Udf (class)
class Udf
A Fused UDF (User-Defined Function) is a callable Python function that runs on Fused infrastructure.
The Udf class is the object returned when decorating a function with @fused.udf, or when loading a saved UDF with fused.load().
Calling a UDF
UDFs are callable objects. Call them directly like regular Python functions:
udf(
*args, # positional arguments to pass to the UDF
engine=None, # "remote" (default), "local", or instance type
cache_max_age=None, # max cache age, e.g. "48h", "10s"

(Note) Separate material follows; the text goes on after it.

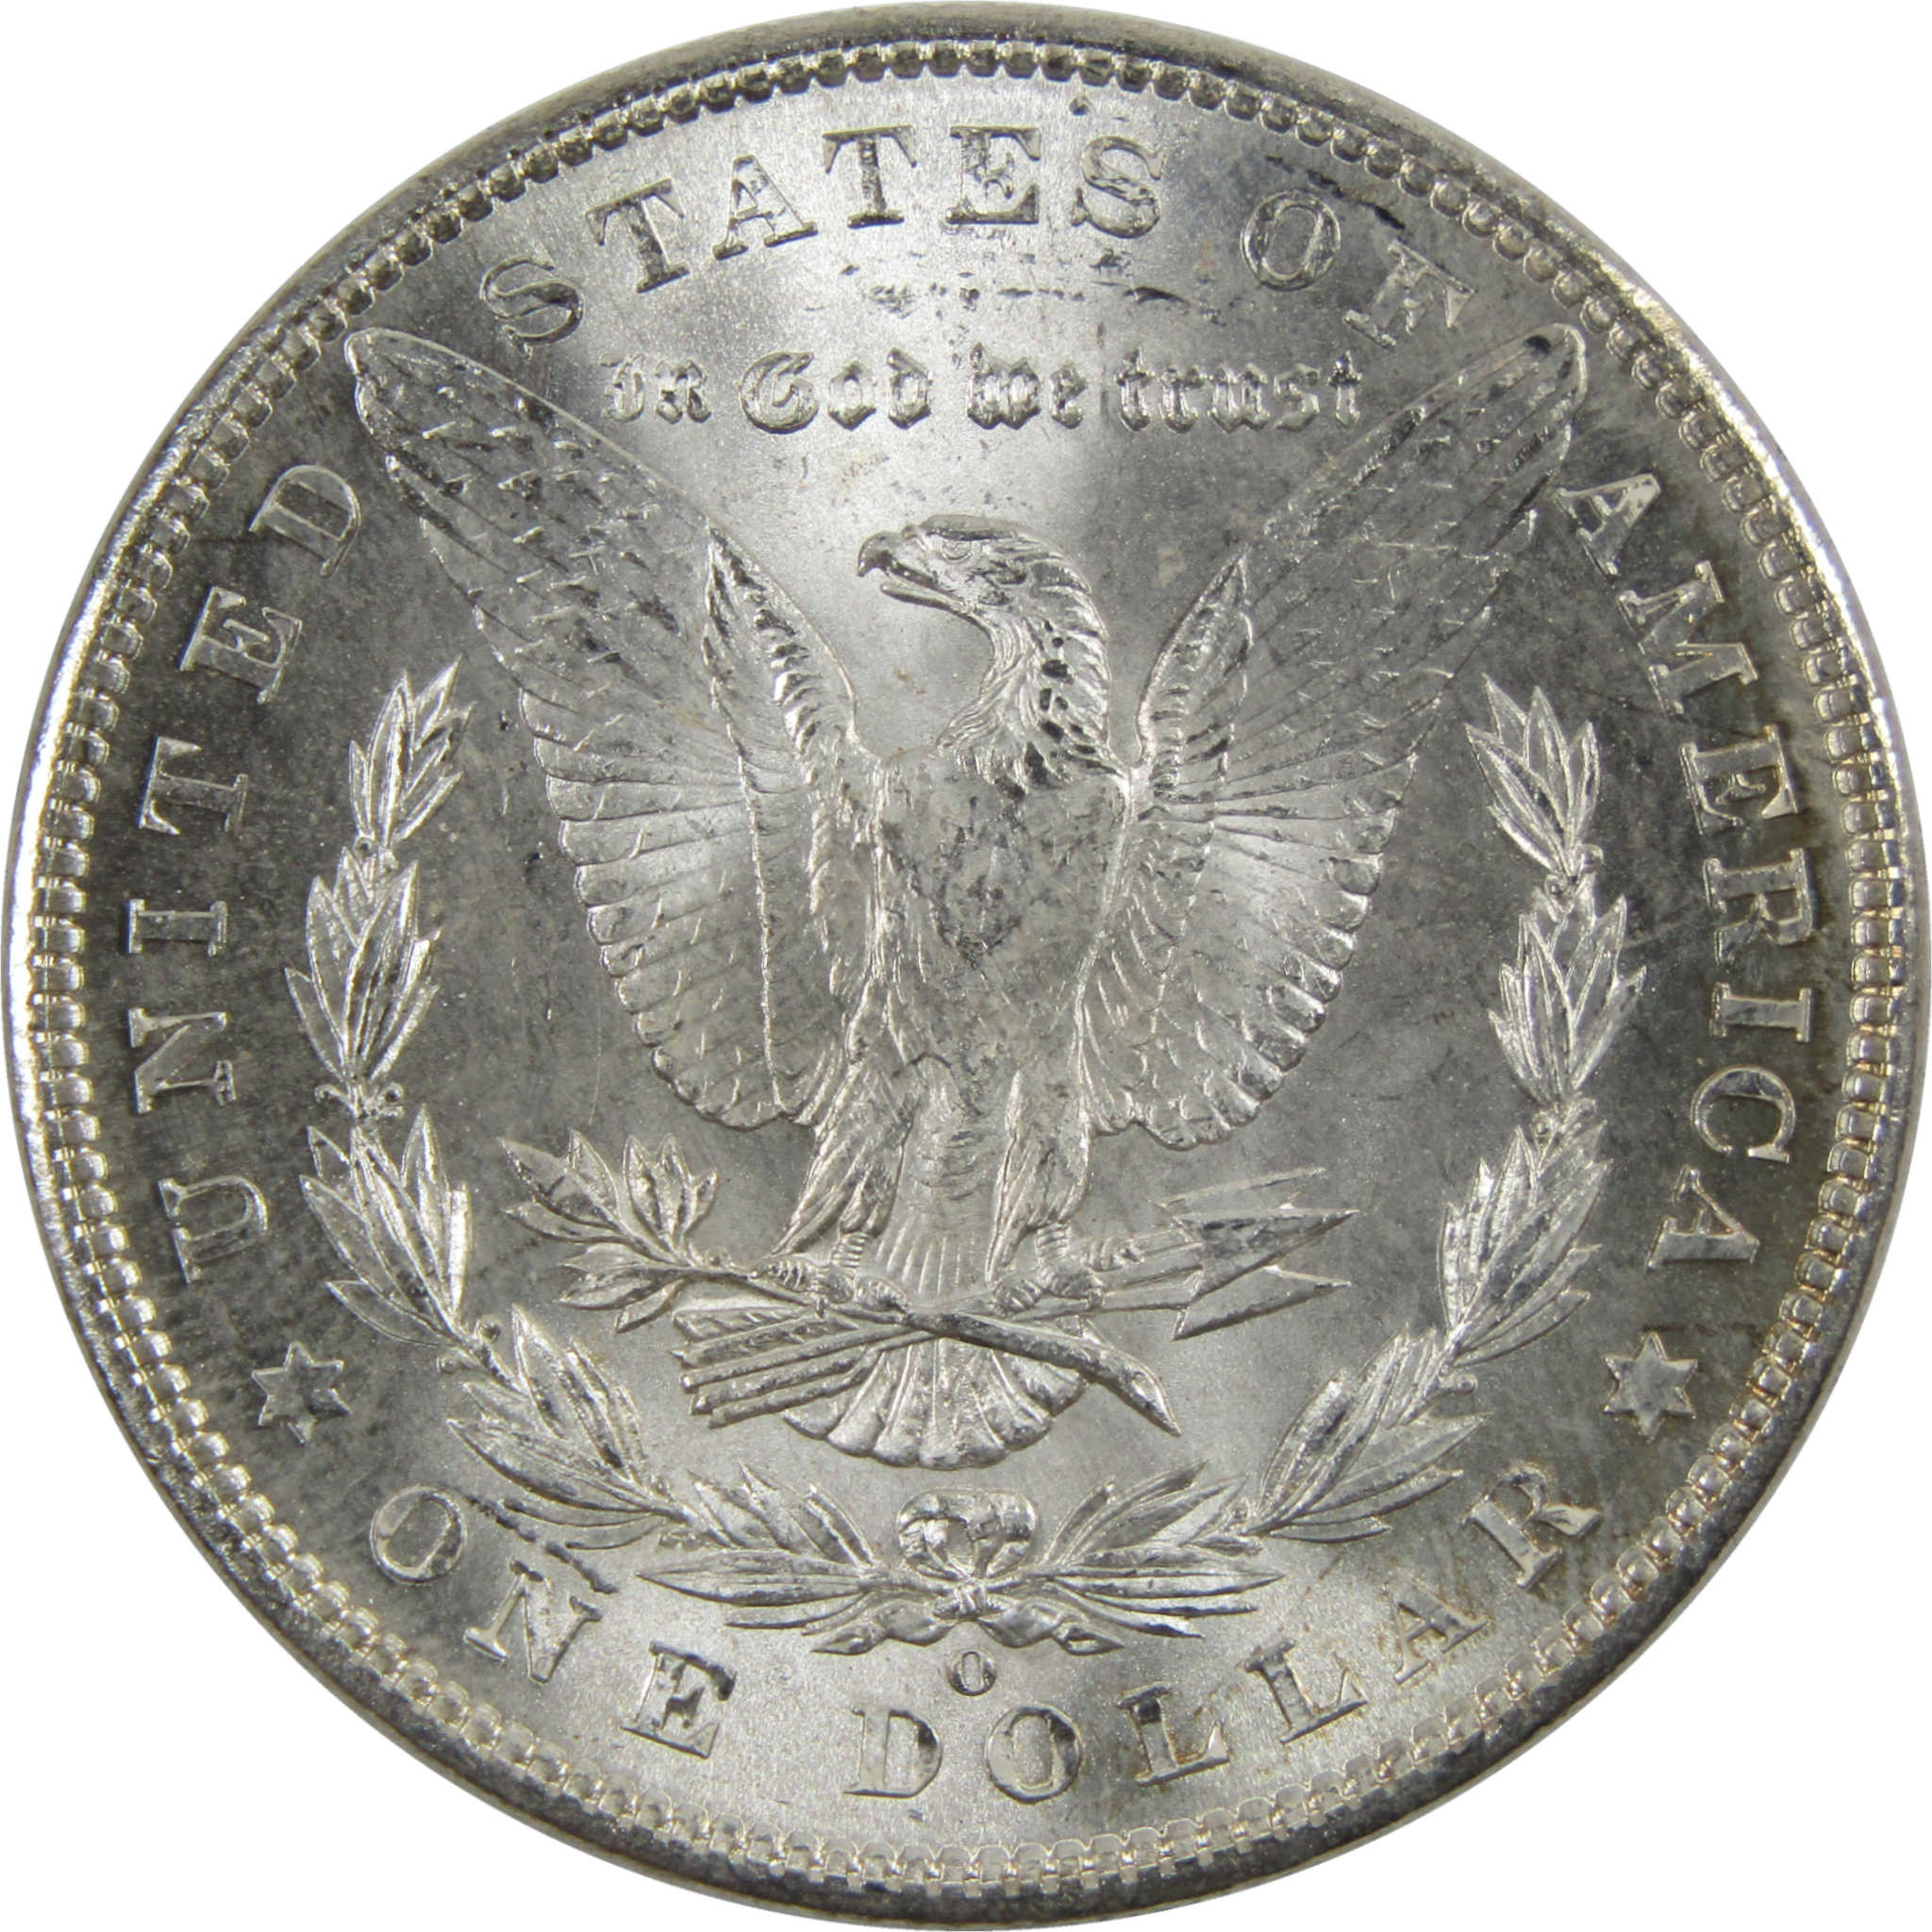 1902 O Morgan Dollar BU Uncirculated 90% Silver $1 Coin SKU:I6040 - Morgan coin - Morgan silver dollar - Morgan silver dollar for sale - Profile Coins &amp; Collectibles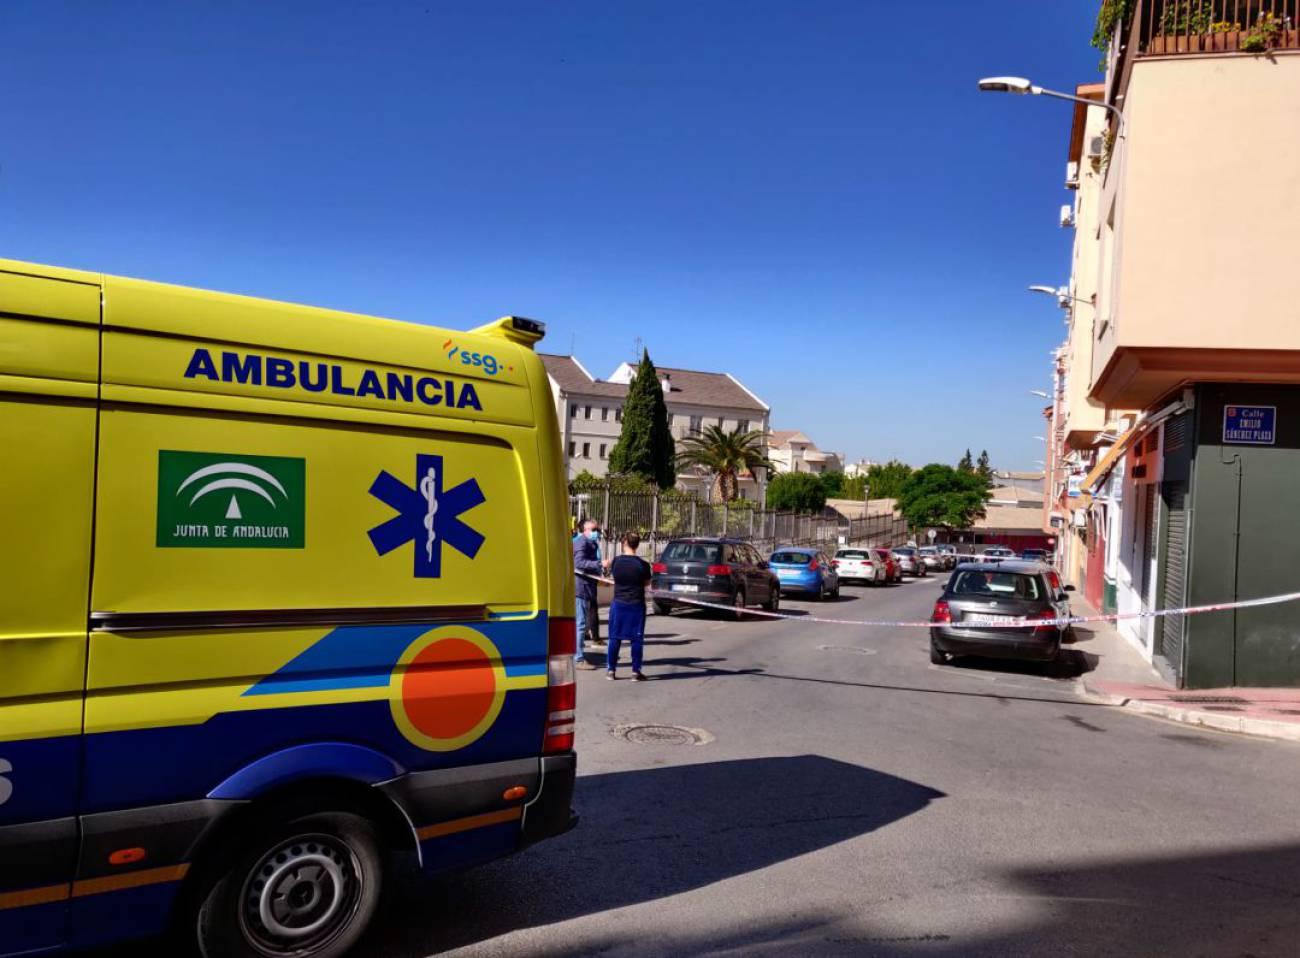 Ambulancia en el lugar de los hechos / Diez TV

cache=True, # set False to disable caching
**kwargs, # keyword arguments to pass to the UDF
)
Learn more about engine options and caching.
@fused.udf
def my_udf(x: int, multiplier: int = 2):
return x * multiplier
# Call directly
result = my_udf(x=5, multiplier=3) # Returns 15
# Run locally
result = my_udf(x=5, engine="local")
# Run on a dedicated instance
result = my_udf(x=5, engine="medium")
# Cache results for 1 hour
result = my_udf(x=5, cache_max_age="1h")
# Disable caching
result = my_udf(x=5, cache=False)
Parallel execution
Use .map() to run a UDF in parallel across multiple inputs:
@fused.udf
def my_udf(x: int):
return x * 2
pool = my_udf.map([1, 2, 3])
df = pool.collect() # Returns [2, 4, 6]
cache_max_age
Maximum cache age in seconds. None for default caching behavior.
catalog_url
Returns the URL to open this UDF in Workbench, or None if not saved.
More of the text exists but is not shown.